With “Embodiment Of Denial,” Cosey Mueller transforms minimal synth-punk into something that sounds like a neurological diary recorded in the midst of contemporary collapse. It is not an album that seeks the easy provocation, the first-strike one. It's something else: a subtle sabotage, which works slowly, between melodies that seem like corroded slogans, beat mechanics that oscillate between irony and paranoia and analog synthesizers that emerge from the fog like radio signals picked up in the heart of a post-industrial city.
From the first minutes, you can feel the tension. It's continuous: body versus control. The title itself works almost like a manifesto, that is, reject everything that the outside world tries to push on you. But be careful: it's not the usual little speech naive on authenticity. Mueller talks about the concrete struggle of defending one's mental form in an era in which media, politics, work and relationships seem to want to flatten you. Cancel any deviations. And in this sense, “Embodiment Of Denial” is deeply political, without ever becoming a pamphlet.
The album moves along an ambiguous border of electro-punk, minimal-wave and synthetic post-punk. A discussion already addressed in the past, even if here everything is more compact, more physical and above all, more danceable. The influences are immediately recognisable: DAF, Malaria!, Liaisons Dangereuses and that proto-industrial coldness of the early German Eighties. But Cosey Mueller carefully avoids the retro fetishism that often suffocates contemporary synth-wave, because his songs don't sound like vintage reconstructions.
“Contraddict” transforms the groove minimal in a hypnotic spiral, where repetition almost becomes psychological dissociation. The synthetic bass pulsates like an automatic reflex of the nervous system. And the artist's voice, distant, but incredibly expressive, floats above the beat with a tone that alternates sarcasm, vulnerability and controlled coldness. Then there is “Obey”, one of the strangest and most fascinating moments of the album, a track lo-fi which seems simple, almost naive, suspended between primitive rhythms and minimal melodies capable of evoking a sense of cinematic urgency. Like a soundtrack to some dystopia low budget shot between concrete, neon and urban alienation.

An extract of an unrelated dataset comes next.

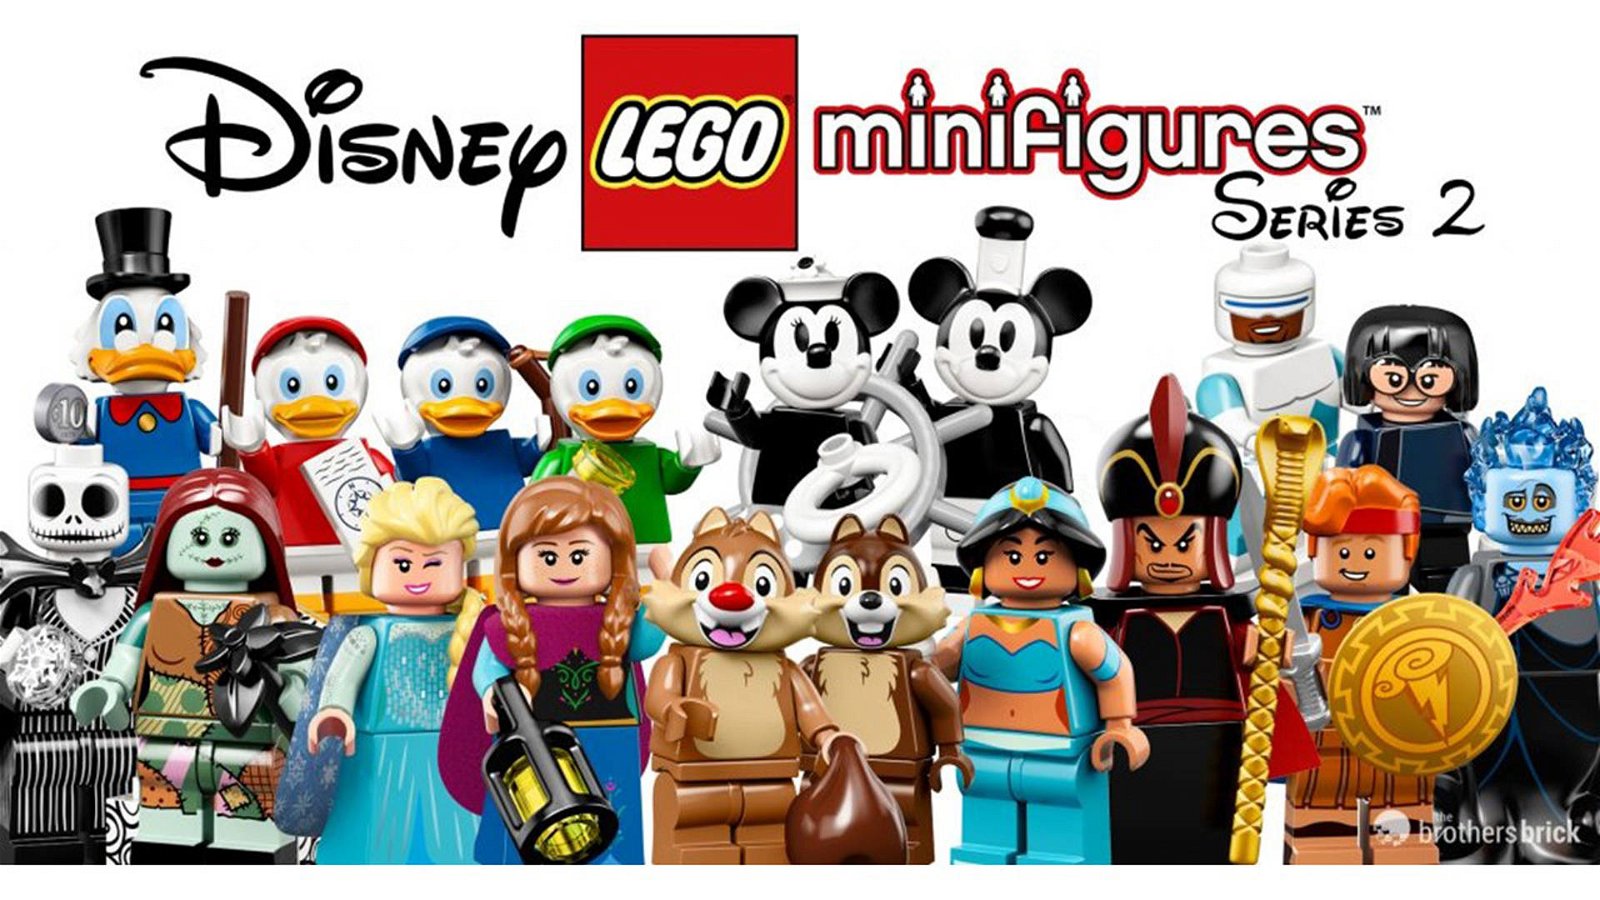 Immagine di LEGO Collectible, rivelata la distribuzione delle figure della seconda serie Disney!

The political dimension emerges more clearly in “Der Politiker” and “Media Maniac”. It's not the frontal rage of classic punk. It is another form of disillusionment: ironic, nervous, dancing over the disaster instead of simply denouncing it. Yet the album is never completely nihilistic. Under that synthetic and sharp surface, an almost romantic desire for self-determination continues to pulsate. Mueller knows very well how difficult it is to build an authentic life outside conventional structures, but instead of transforming this tension into victimhood, he converts it into creative energy. It's music that comes from isolation but still seeks connection. Music that laughs bitterly while everything around it loses consistency.